Sanskrit play attributed to Bhāsa

 Madhyamavyayoga (मध्यमव्यायोग) is a Sanskrit play attributed to Bhāsa, a famous Sanskrit poet. There is no consensus regarding when the play was written, and it has been dated variously from 475 BCE to the 11th century CE. The Sanskrit poet Nannaya, who lived around 400 CE, has mentioned Bhasa in his works, and this suggests Bhasa may have lived around 350 CE. However, many scholars disagree, and opine that Bhasa lived around the 7th to 8th centuries CE, placing the play's creation within the same time period. Madhyama Vyayoga focuses on the name confusion between the priest Keshav Das's middle son and the middle Pandava prince Bhima. Also, the reunion of Bhima and Ghatotkacha as father and son take place. While the characters in this tale are taken from the Mahabharata, this particular incidence is solely a product of Bhasa. Madhyamavyayoga falls under a particular type of Sanskrit drama called Vyayoga.

==Etymology==
The play's title is derived from two of its main characters, and from the type of the dramatic composition. In classical Sanskrit dramaturgy the vyāyoga was a one-act play with the heroic mood, lacking romantic element and few feminine roles. Madhyama refers to the middle one and in this case, the middle sibling.The confusion caused by addressing both the son of the priest Keshava Dasa and the Pandava prince Bhimasena as madhyama is a central feature of the play.

==Synopsis==
The play takes place in the same forest in which the Pandava brothers are spending their exile, and commences with a Brahmin family of a mother, father, and their three sons being pursued by Ghatotkacha, son of the demoness Hidimbā and the second Pandava prince, Bhima. Ghatotkacha, however, is only doing his mother's bidding, for she has asked him to find some human for her to have as a meal. Upon capturing the Brahmin family, Ghatotkacha states that he will release the family, as long as one individual becomes Hidimbā's dinner. In acts of selflessness, each person in the family strives to be taken by Ghatotkacha in order to save the rest of the family. The priest (the father) states that he will go to preserve his family. The mother protests that her husband means everything to her and that she has served her purpose as a mother so she must go. Both the first and second son argue that it is they instead that must save the family. Upon painfully discussing who will have to give their life to spare the other members of the family, the father confesses that the first son is his favorite, and the mother admits that the youngest is hers, leaving the middle son to be taken by Hidimbā. Before facing his fate, the middle son first asks permission to first quench his thirst at a nearby lake.
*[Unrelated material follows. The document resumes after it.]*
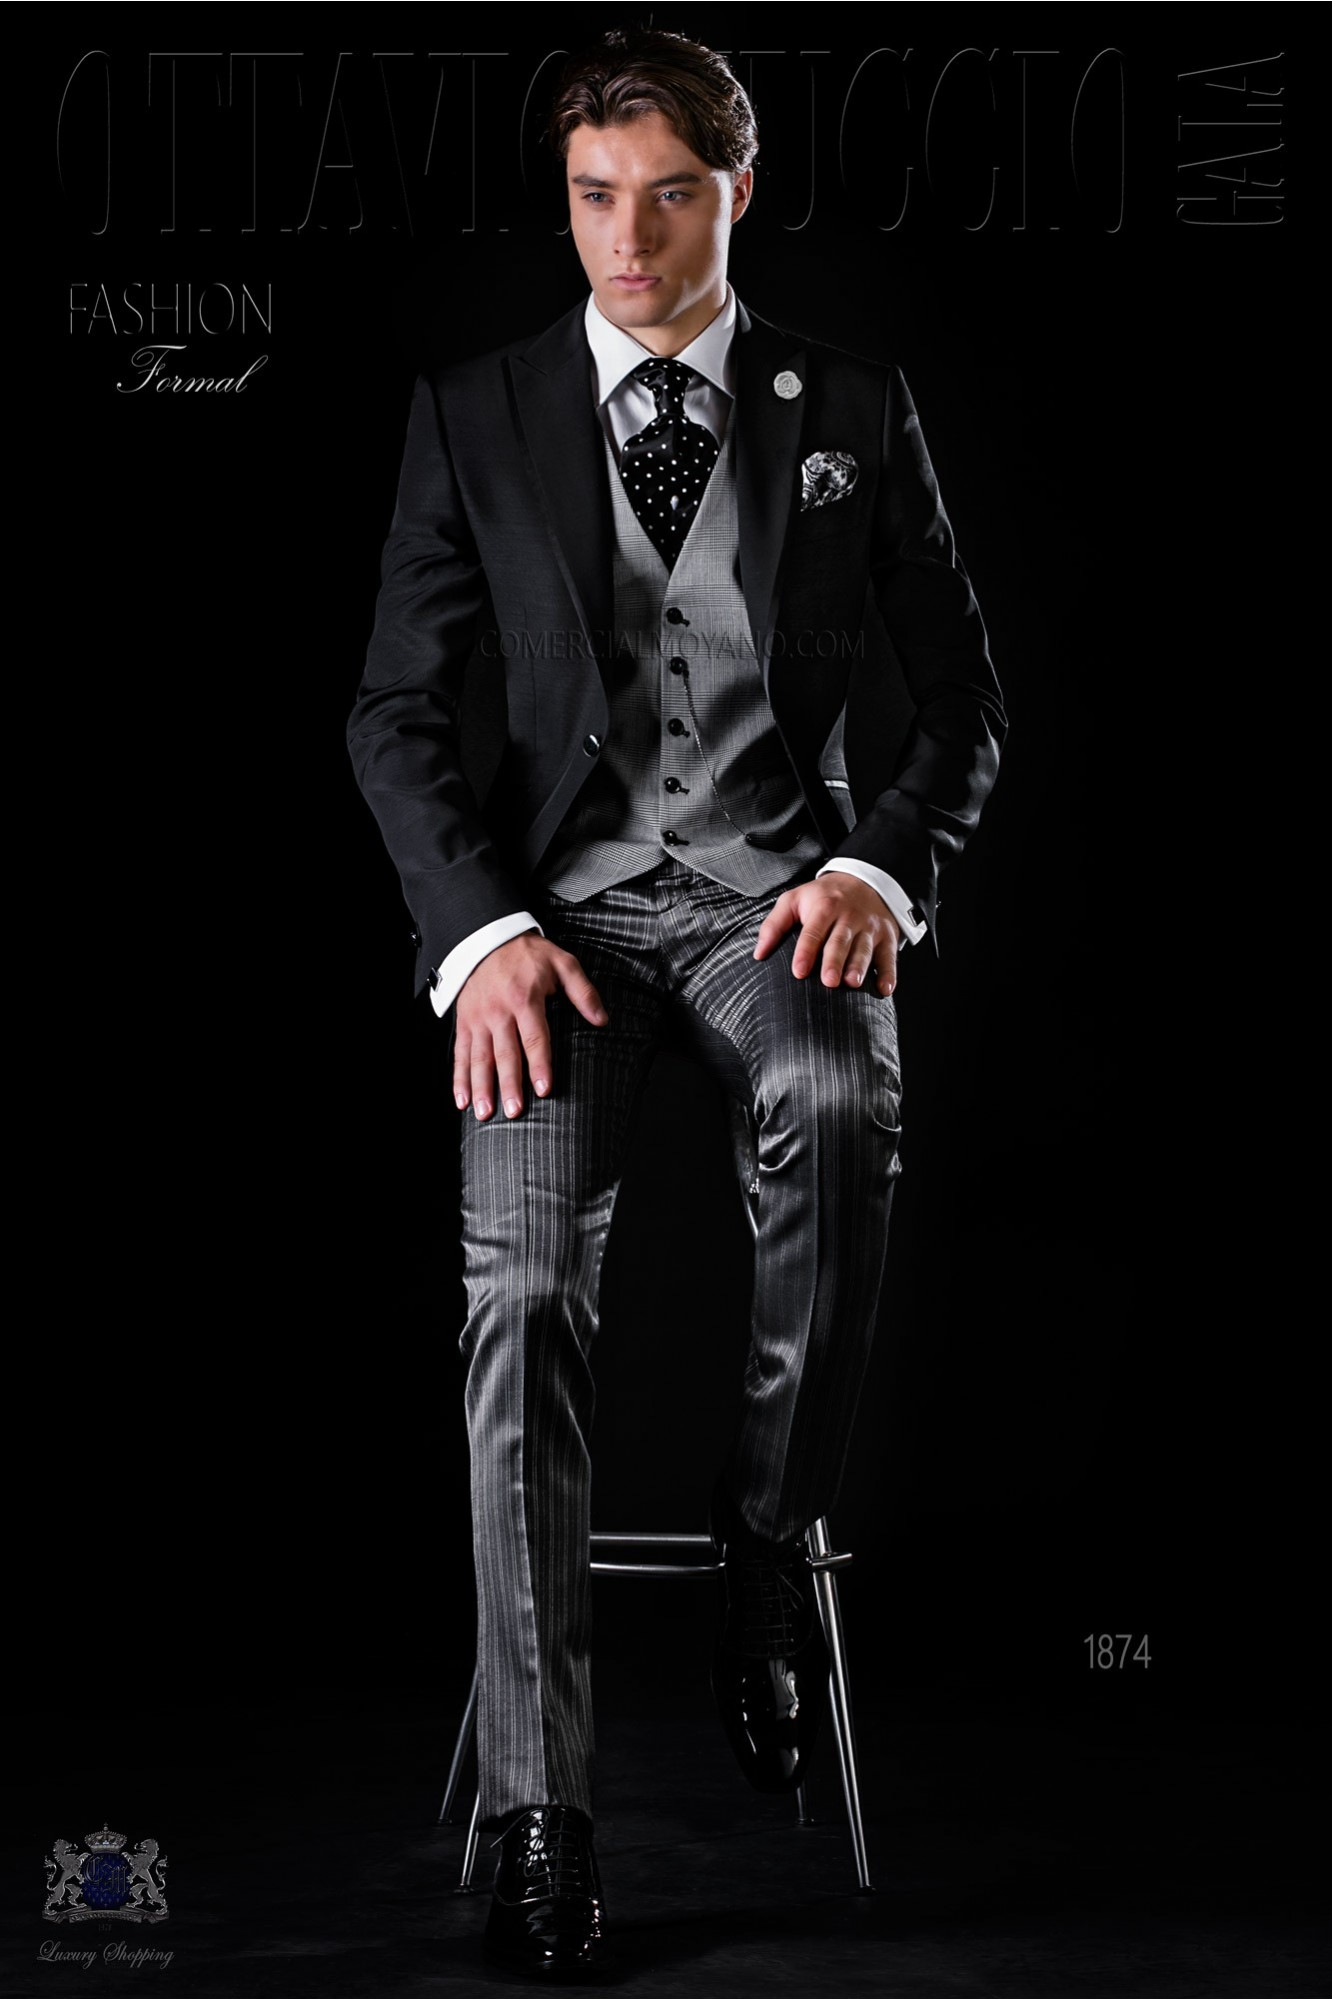 Traje de novio chaqueta negra con pantalón media etiqueta modelo: 1874 Ottavio Nuccio Gala colección Fashion

After the priests' middle son has gone for some time, Ghatotkacha worries that his mother's dinner time will soon pass, and he demands that the family give him the name of the middle son so that he may call him. The first son gives Ghatotkacha the name madhyama, which literally means, “Middle one,” which, coincidentally, is also the title of Bhima, as he is the middle of the first three Pandava brothers. As a result, Bhima believes that it is he that is being called, enters the scene, and takes charge of the situation, telling the priest that he is free to go and that he will take his place as Hidimbā's meal if necessary.

In arguing, both Ghatotkacha and Bhima notice that the other is rather proud; curious, Bhima inquires the identity of Ghatotkach's mother, only to find that he is indeed his son. Bhima does not, however, say this right away. Instead they wrestle and argue longer, possibly for Bhima's own amusement. Finally, Bhima defeats Ghatotkacha and lets the family to leave, but in despair Ghatotkacha reminds Bhima of his promise that he will go in place of the priest's middle son. Bhima allows Ghatotkacha to call his mother, who, upon entering the scene, immediately reveals the identity of Bhima to their son. Shocked and humbled by the sudden revelation, Ghatotkacha repents for his ignorance. Hidimbā claims that her appetite is indeed satisfied by the return of her husband, and both families go their separate ways on good terms.

==Adaptations==

Madhyamavyayoga was performed by the drama troupe of Alva's Education Foundation. It was directed by noted director Jeevan Ram Sullia. The Alva Education Foundation won the state level ‘Ranga Thorana’ award at the Natakotsav held at Raghavendra (sic – this should be Raghava) Kala Mandir, Bellary. The same play had been staged at different parts of India (Kolkata, Kurukshetra, Madurai, Kozhikode, Varanasi and all over Karnataka state).

Madhyamavyayoga was also performed by the 2nd year students of the National School of Drama in Delhi. It was directed by Anjala Mahirishi and performed in November 2002. National School of Drama (NSD) is India's premier theatre training institute situated at New Delhi, India. The play is done by Sarga Kalakshetra Kavalam a school started under the guidance of Padmabhushan Kavalam Narayana Panicker. The play is directed by his disciple Satish Kumar Kavalam.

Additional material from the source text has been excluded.